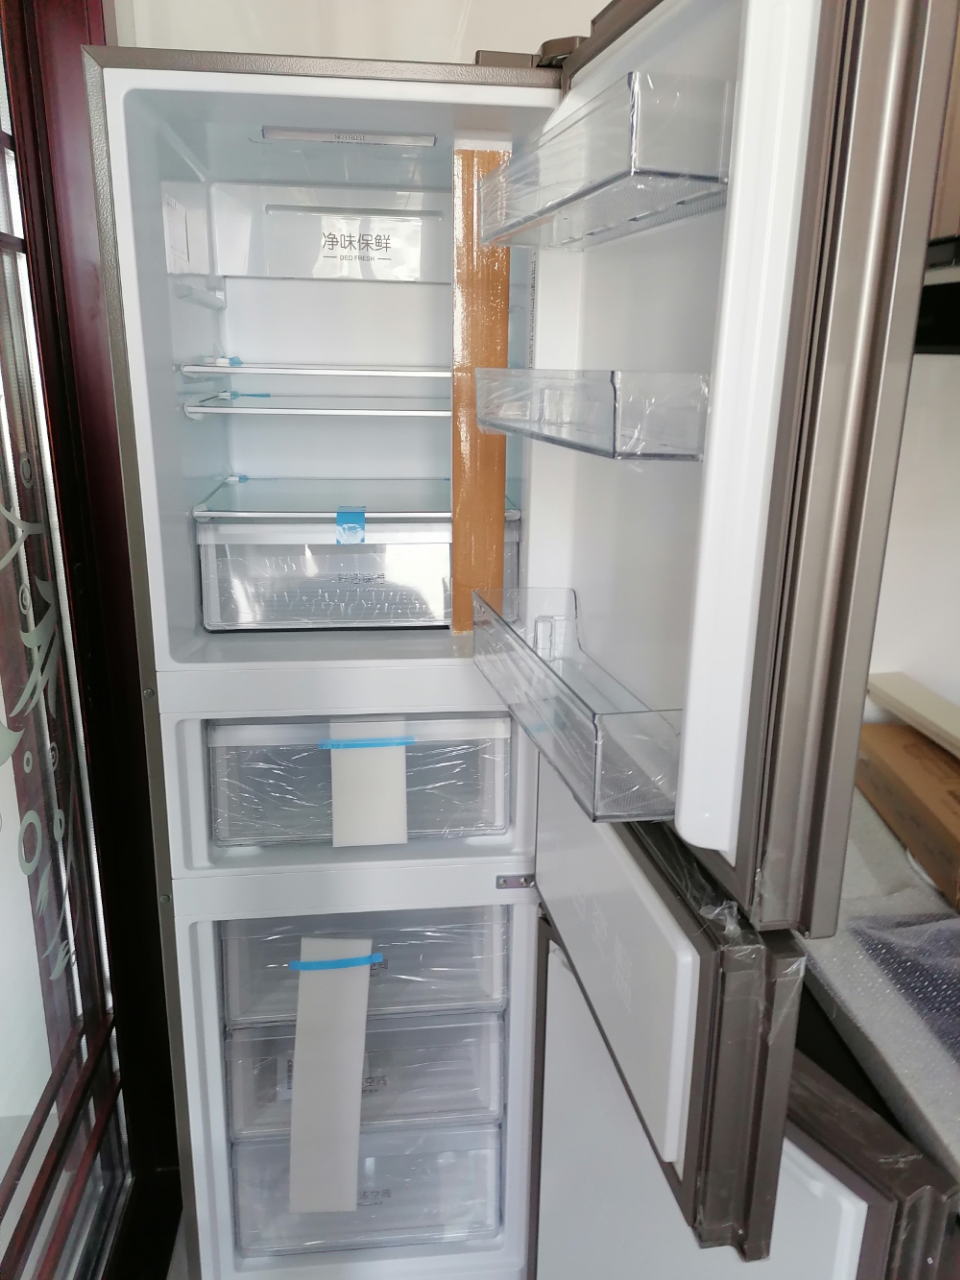 haier/海尔253升冰箱 变频干湿分储无霜静音家用三门冰箱智能电冰箱
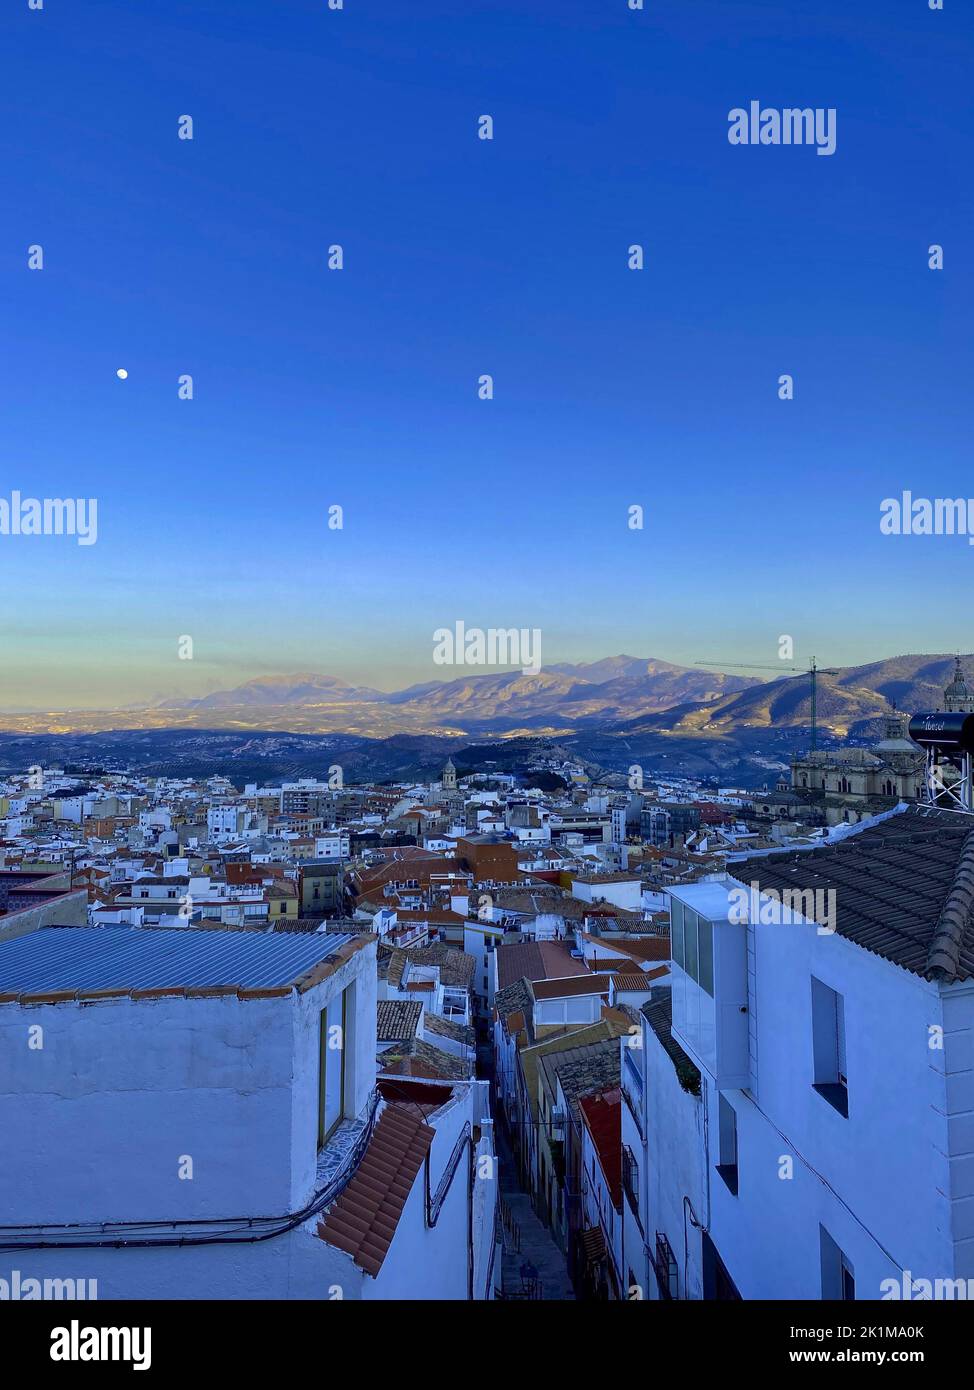 Blick auf die Stadt Jaen, typisches weißes Gebäude, blauer Himmel, Mond und Berge im Hintergrund. Hochwertige Fotos Stockfoto
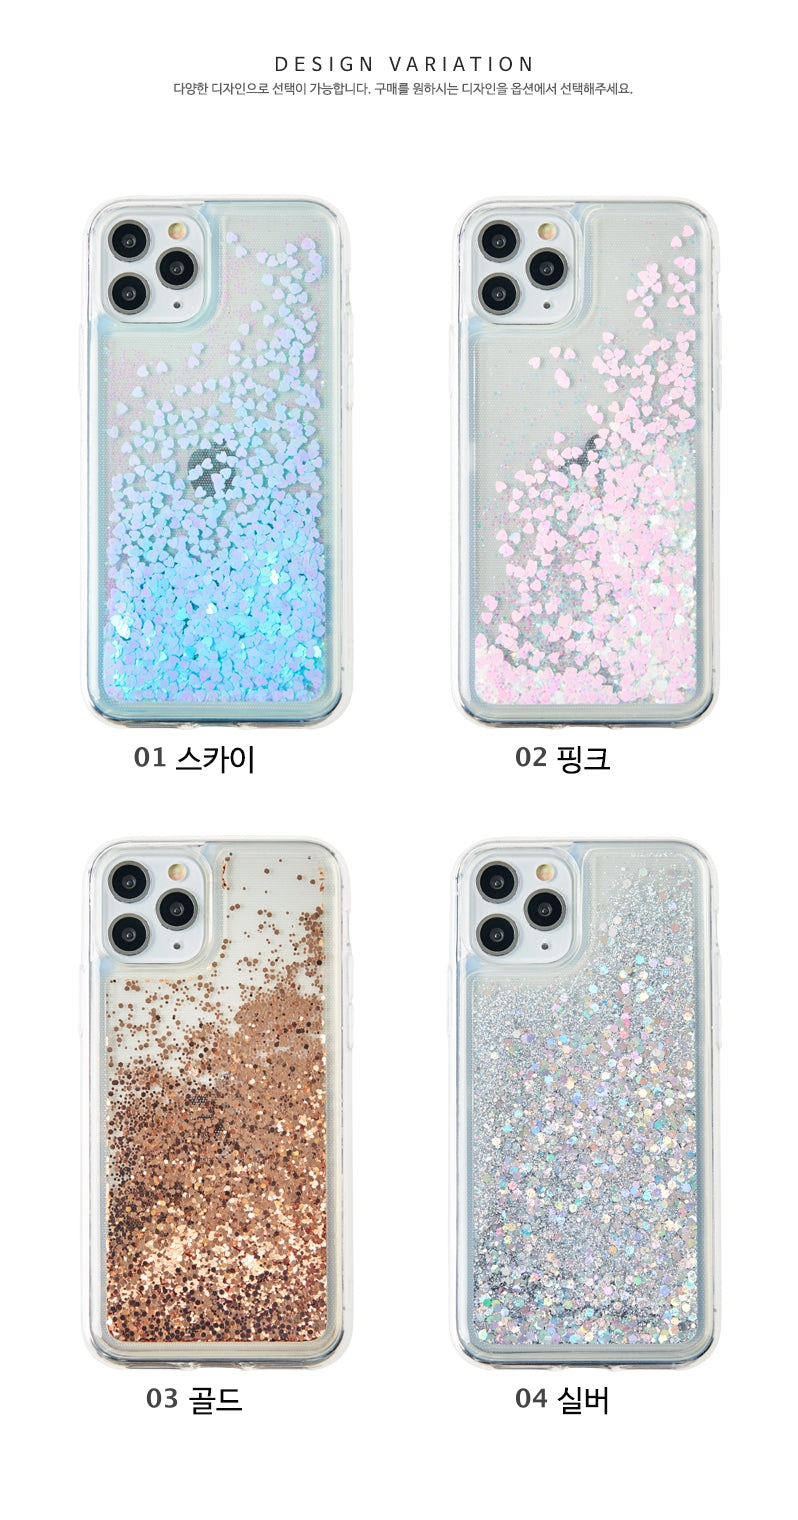 韓國直送 | LS1 流星雨 -流沙動態手機殼 iPhone / Samsung Galaxy
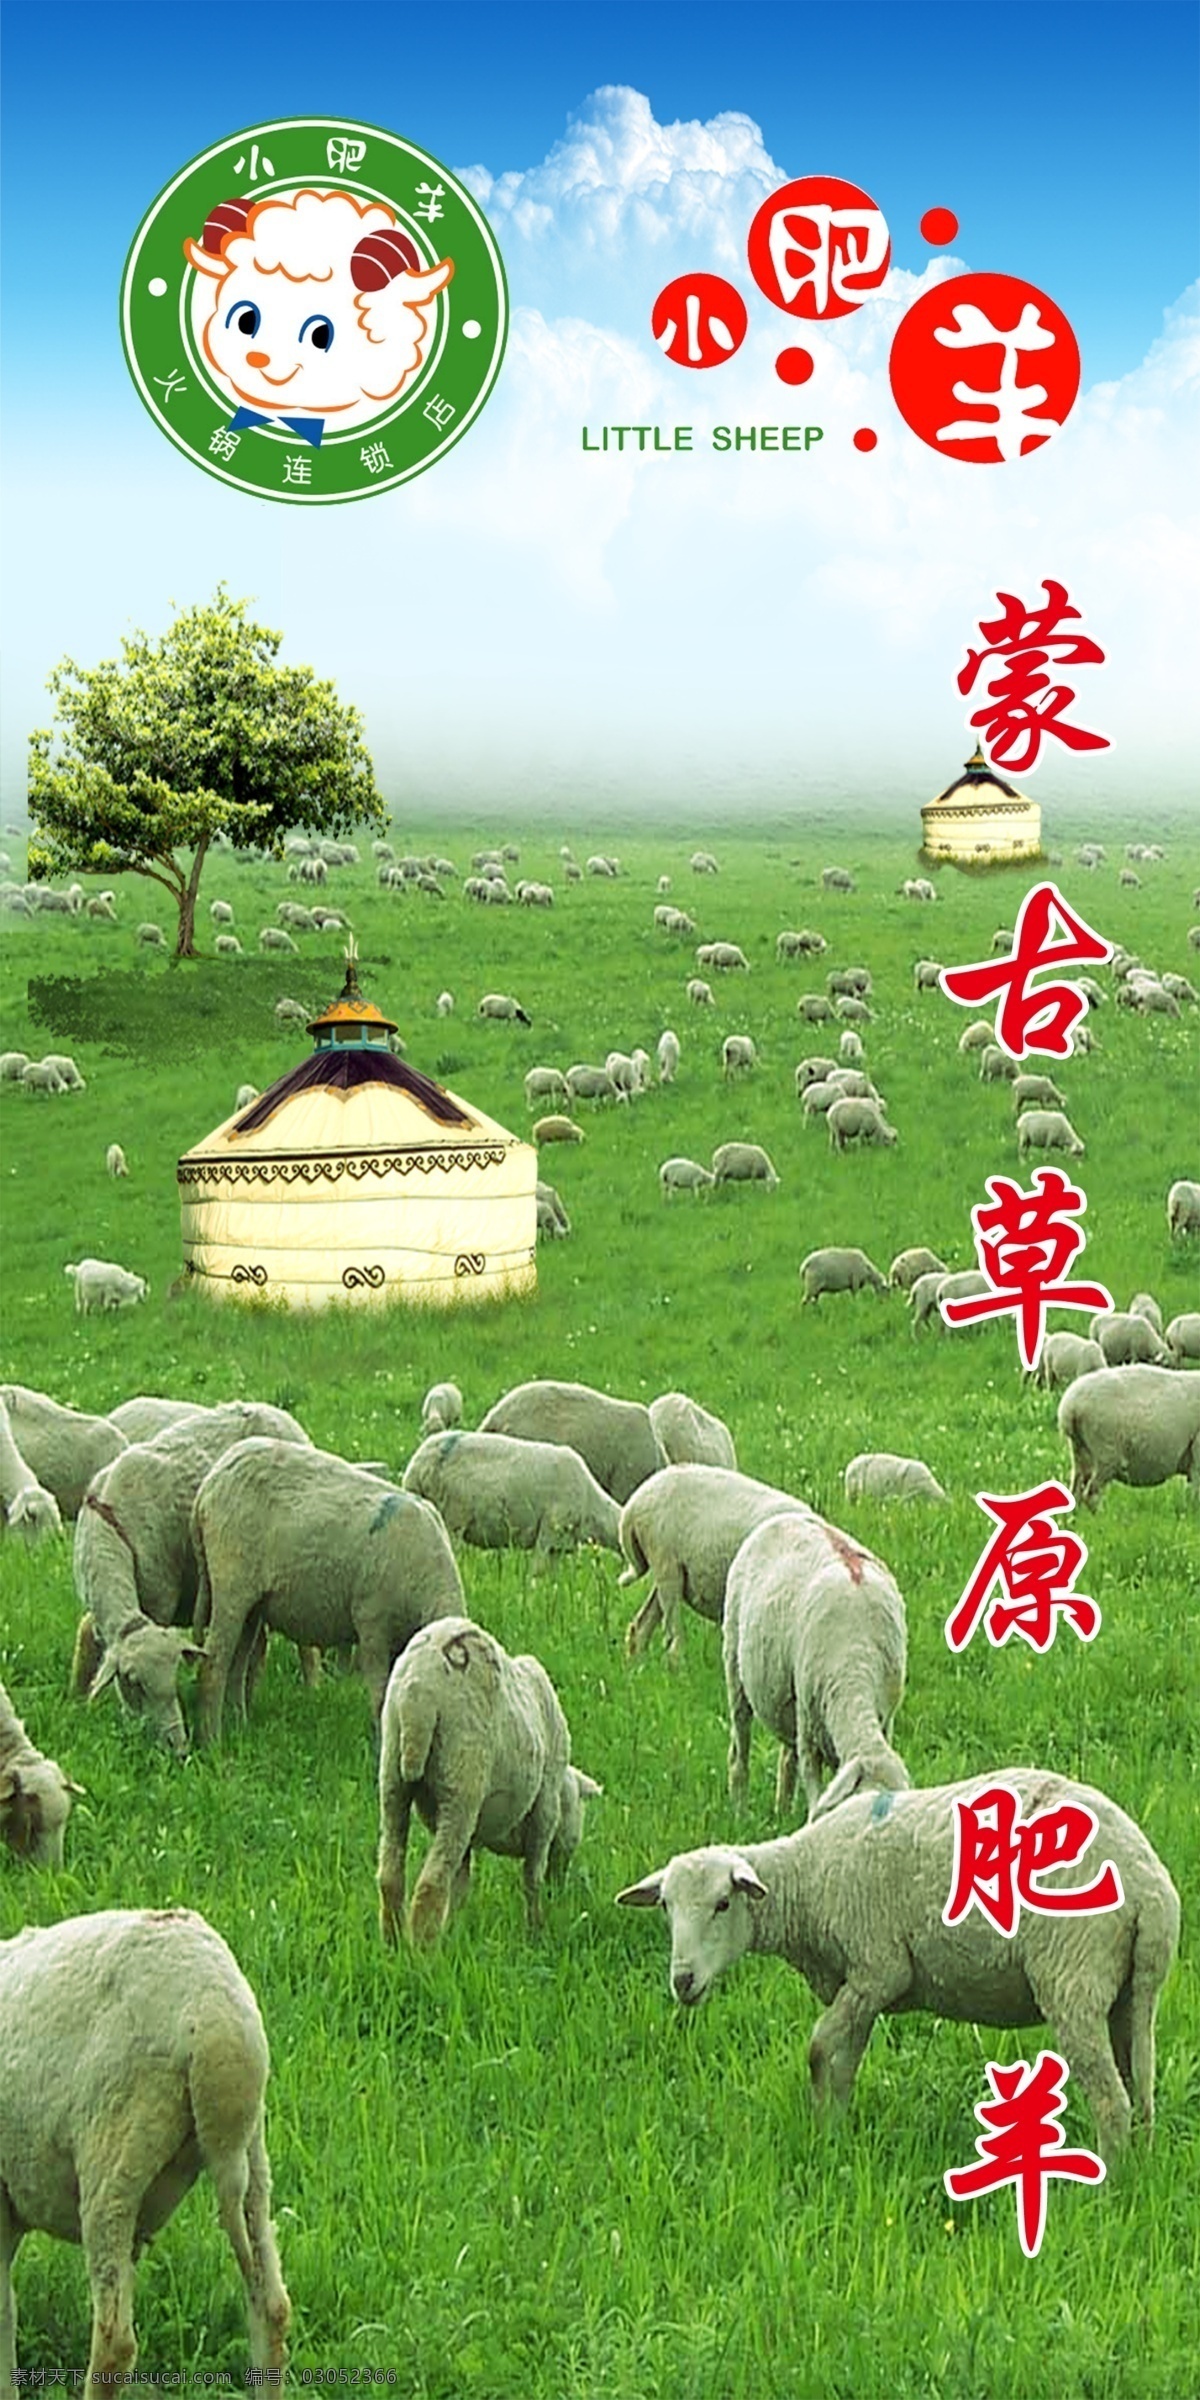 小肥羊 小肥羊标志 蒙古草原肥羊 羊群 草原 蒙古包 广告设计模板 源文件
————————
Required work
Pictures are to be left out; otherwise, copy exactly each line from the one containing "韓國直送 | LS1 流星雨" through the last line of the listing.

Finished exercise
 韓國直送 | LS1 流星雨 -流沙動態手機殼 iPhone / Samsung Galaxy
 小肥羊 小肥羊标志 蒙古草原肥羊 羊群 草原 蒙古包 广告设计模板 源文件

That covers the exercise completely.